Give the data again exactly, without images.

__Provided data__.
——————

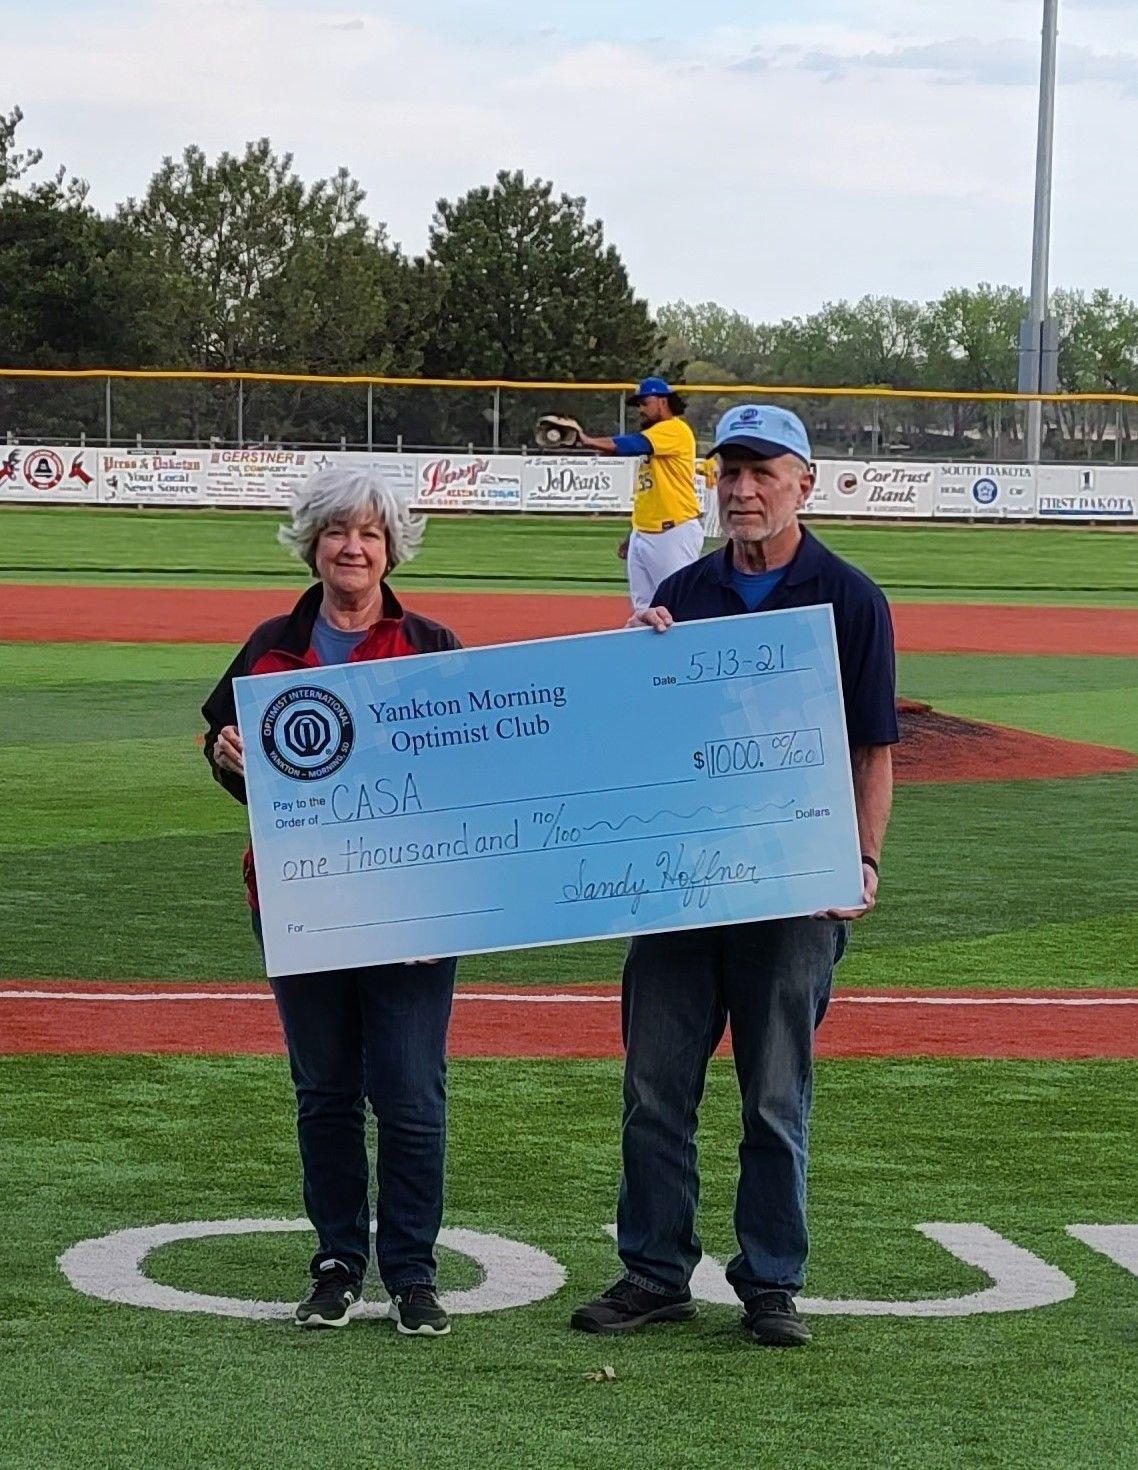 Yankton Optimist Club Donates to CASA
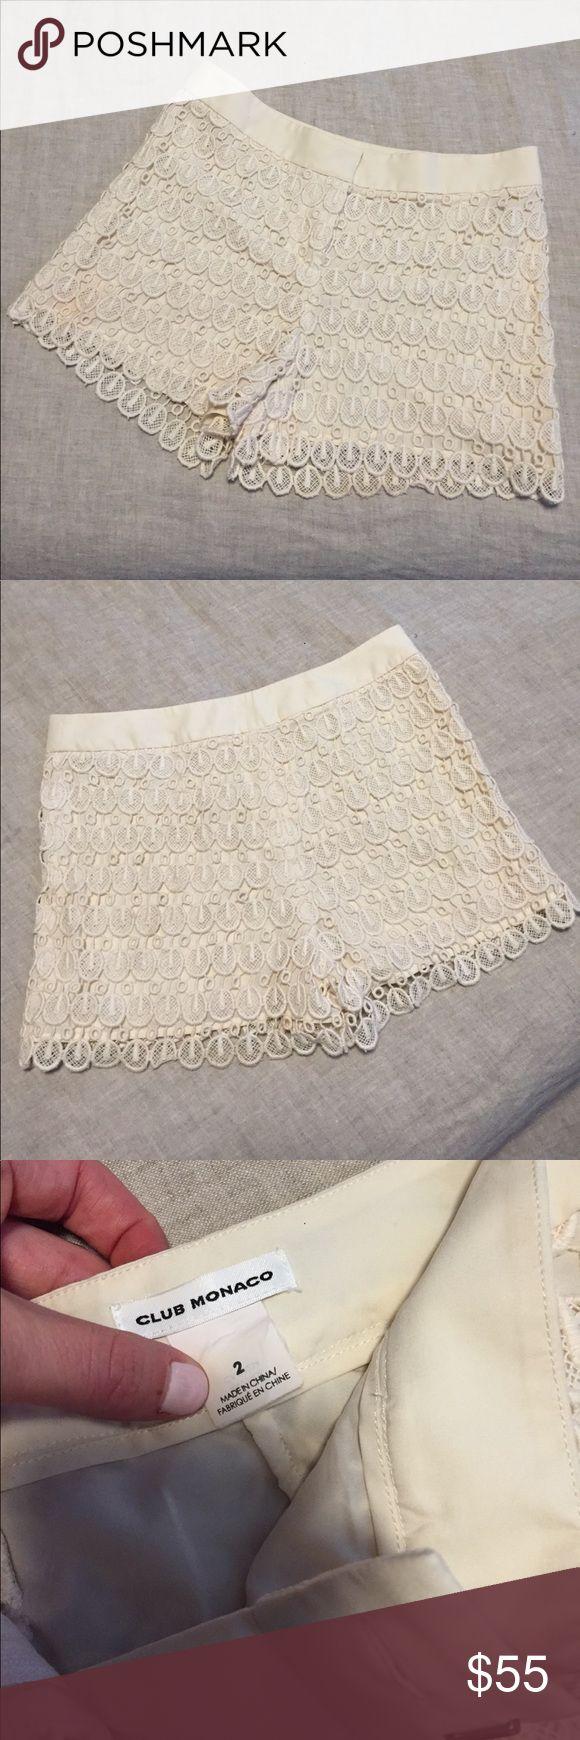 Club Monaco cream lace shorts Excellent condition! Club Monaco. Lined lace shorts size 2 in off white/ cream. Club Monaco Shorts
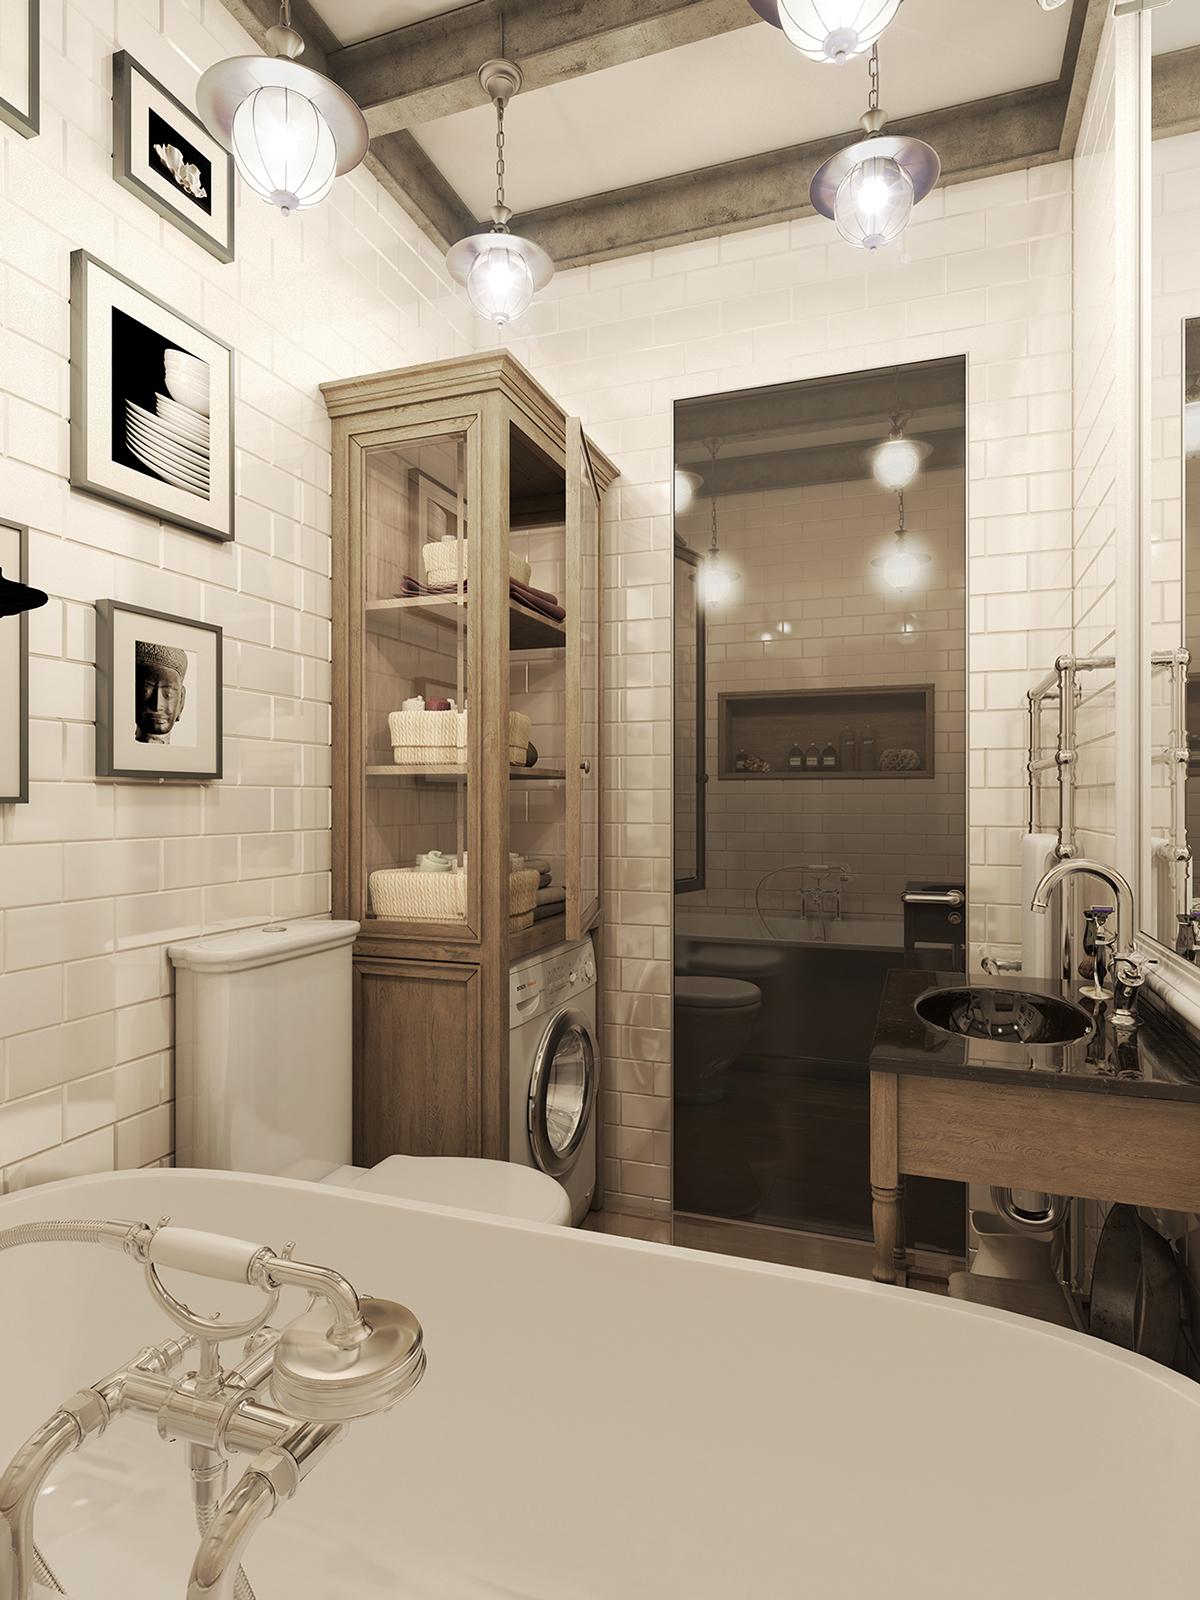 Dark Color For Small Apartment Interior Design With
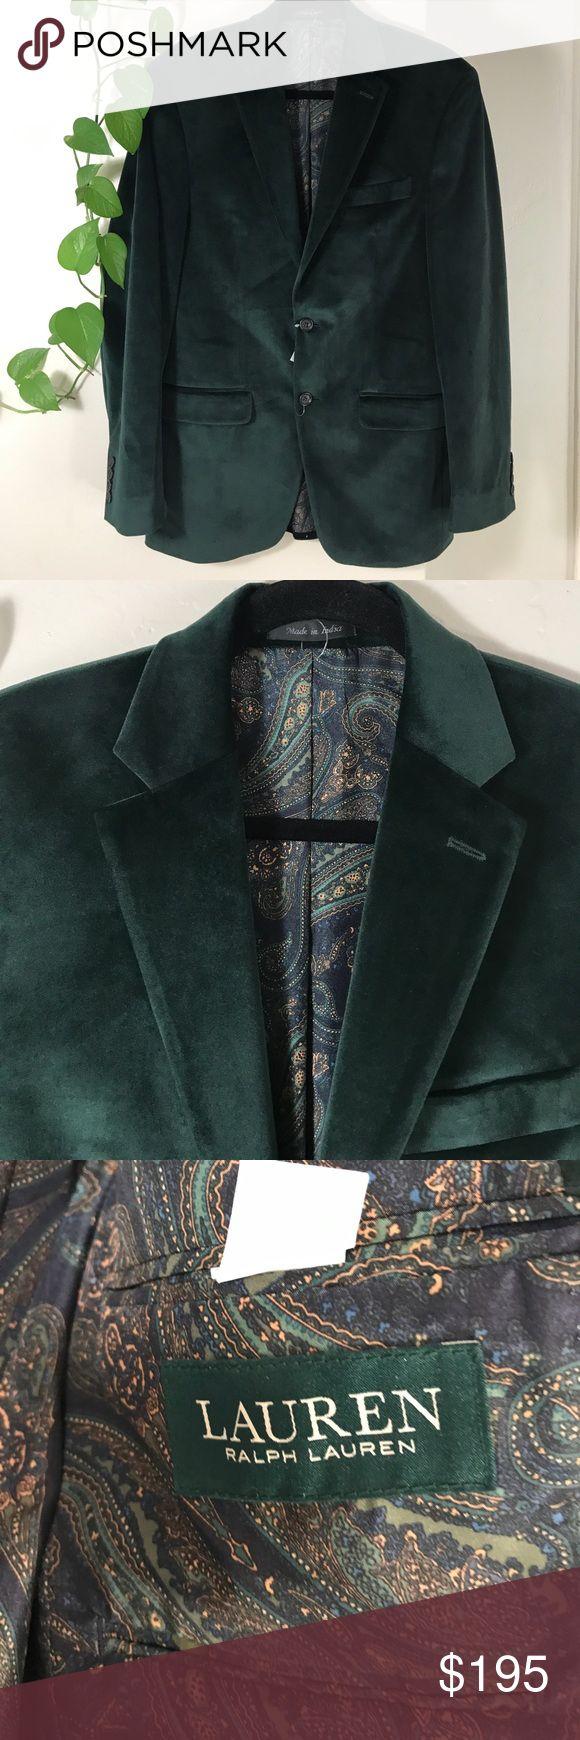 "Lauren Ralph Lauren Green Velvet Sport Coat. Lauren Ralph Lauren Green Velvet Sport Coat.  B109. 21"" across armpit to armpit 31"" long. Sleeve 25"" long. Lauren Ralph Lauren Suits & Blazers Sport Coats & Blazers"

——————

__Response__.
 Yankton Optimist Club Donates to CASA
 Club Monaco cream lace shorts Excellent condition! Club Monaco. Lined lace shorts size 2 in off white/ cream. Club Monaco Shorts
 Dark Color For Small Apartment Interior Design With
 "Lauren Ralph Lauren Green Velvet Sport Coat. Lauren Ralph Lauren Green Velvet Sport Coat.  B109. 21"" across armpit to armpit 31"" long. Sleeve 25"" long. Lauren Ralph Lauren Suits & Blazers Sport Coats & Blazers"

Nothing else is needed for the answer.